# Exercise
From the entries that follow, copy exactly the lines beginning at the line holding "Feliz Año Nuevo" and continuing through the line holding "VJGOAL Moda Casual".

# Supplied material

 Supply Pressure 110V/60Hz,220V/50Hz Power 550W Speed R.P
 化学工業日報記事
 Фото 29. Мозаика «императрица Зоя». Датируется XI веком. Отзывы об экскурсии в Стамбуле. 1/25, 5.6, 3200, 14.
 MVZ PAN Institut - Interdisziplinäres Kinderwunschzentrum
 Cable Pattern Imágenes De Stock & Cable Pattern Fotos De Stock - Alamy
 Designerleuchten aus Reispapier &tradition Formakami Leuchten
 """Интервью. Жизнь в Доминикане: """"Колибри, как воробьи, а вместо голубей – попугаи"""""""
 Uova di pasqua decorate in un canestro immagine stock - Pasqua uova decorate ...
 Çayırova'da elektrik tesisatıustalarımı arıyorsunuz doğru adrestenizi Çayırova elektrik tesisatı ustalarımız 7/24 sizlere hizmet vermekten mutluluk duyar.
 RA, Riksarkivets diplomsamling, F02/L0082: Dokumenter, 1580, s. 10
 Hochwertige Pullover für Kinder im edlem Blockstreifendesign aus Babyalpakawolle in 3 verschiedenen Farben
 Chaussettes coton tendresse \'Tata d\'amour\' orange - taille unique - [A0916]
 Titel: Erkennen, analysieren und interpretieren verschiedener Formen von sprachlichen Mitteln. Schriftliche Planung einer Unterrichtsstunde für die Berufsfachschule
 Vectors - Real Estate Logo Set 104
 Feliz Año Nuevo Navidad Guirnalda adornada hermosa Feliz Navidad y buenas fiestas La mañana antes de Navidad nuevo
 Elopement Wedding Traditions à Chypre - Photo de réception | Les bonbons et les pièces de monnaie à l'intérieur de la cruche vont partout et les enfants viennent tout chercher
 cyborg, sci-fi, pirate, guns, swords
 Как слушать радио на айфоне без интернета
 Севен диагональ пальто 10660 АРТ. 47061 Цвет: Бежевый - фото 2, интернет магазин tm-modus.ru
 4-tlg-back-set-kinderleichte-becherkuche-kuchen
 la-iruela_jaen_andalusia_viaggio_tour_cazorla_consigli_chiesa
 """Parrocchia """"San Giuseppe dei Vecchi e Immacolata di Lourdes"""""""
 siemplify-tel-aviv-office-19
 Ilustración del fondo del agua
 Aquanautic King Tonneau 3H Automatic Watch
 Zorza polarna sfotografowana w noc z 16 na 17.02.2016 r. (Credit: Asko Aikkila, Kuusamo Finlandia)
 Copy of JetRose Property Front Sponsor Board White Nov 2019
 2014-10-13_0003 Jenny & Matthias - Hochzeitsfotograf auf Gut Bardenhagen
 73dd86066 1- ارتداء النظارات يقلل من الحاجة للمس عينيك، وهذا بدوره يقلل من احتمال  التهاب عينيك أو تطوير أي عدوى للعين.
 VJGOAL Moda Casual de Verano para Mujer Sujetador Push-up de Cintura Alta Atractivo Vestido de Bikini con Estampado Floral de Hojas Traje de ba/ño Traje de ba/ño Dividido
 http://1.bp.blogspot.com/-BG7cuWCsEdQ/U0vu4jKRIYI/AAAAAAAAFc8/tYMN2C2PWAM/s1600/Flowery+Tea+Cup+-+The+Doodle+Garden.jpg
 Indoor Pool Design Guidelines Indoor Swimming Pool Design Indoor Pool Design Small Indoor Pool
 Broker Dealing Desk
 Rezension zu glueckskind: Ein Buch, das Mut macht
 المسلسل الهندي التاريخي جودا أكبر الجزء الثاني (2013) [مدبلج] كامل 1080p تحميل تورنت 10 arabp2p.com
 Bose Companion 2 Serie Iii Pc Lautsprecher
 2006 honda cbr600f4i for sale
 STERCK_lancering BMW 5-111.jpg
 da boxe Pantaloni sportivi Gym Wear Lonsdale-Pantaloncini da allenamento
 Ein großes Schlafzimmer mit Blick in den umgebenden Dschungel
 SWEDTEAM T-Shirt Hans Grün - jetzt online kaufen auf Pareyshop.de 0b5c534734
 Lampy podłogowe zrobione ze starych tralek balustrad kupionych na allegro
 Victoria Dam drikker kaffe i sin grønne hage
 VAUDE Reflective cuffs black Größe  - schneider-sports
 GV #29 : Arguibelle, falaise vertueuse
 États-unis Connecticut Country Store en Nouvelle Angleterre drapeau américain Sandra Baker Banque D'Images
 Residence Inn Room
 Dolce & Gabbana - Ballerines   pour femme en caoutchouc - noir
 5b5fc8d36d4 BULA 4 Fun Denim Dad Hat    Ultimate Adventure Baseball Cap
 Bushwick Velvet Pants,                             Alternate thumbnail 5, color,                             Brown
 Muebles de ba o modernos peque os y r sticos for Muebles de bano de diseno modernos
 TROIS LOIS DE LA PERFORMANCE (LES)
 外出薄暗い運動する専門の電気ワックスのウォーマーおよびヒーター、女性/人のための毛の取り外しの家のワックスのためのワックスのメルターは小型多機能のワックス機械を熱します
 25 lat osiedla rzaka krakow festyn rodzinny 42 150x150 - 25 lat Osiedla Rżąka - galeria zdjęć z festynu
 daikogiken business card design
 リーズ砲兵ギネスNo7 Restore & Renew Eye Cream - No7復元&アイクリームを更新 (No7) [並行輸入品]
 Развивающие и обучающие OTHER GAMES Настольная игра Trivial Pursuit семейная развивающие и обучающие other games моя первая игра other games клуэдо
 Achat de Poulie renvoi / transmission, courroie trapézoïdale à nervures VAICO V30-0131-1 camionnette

# Response area
 Feliz Año Nuevo Navidad Guirnalda adornada hermosa Feliz Navidad y buenas fiestas La mañana antes de Navidad nuevo
 Elopement Wedding Traditions à Chypre - Photo de réception | Les bonbons et les pièces de monnaie à l'intérieur de la cruche vont partout et les enfants viennent tout chercher
 cyborg, sci-fi, pirate, guns, swords
 Как слушать радио на айфоне без интернета
 Севен диагональ пальто 10660 АРТ. 47061 Цвет: Бежевый - фото 2, интернет магазин tm-modus.ru
 4-tlg-back-set-kinderleichte-becherkuche-kuchen
 la-iruela_jaen_andalusia_viaggio_tour_cazorla_consigli_chiesa
 """Parrocchia """"San Giuseppe dei Vecchi e Immacolata di Lourdes"""""""
 siemplify-tel-aviv-office-19
 Ilustración del fondo del agua
 Aquanautic King Tonneau 3H Automatic Watch
 Zorza polarna sfotografowana w noc z 16 na 17.02.2016 r. (Credit: Asko Aikkila, Kuusamo Finlandia)
 Copy of JetRose Property Front Sponsor Board White Nov 2019
 2014-10-13_0003 Jenny & Matthias - Hochzeitsfotograf auf Gut Bardenhagen
 73dd86066 1- ارتداء النظارات يقلل من الحاجة للمس عينيك، وهذا بدوره يقلل من احتمال  التهاب عينيك أو تطوير أي عدوى للعين.
 VJGOAL Moda Casual de Verano para Mujer Sujetador Push-up de Cintura Alta Atractivo Vestido de Bikini con Estampado Floral de Hojas Traje de ba/ño Traje de ba/ño Dividido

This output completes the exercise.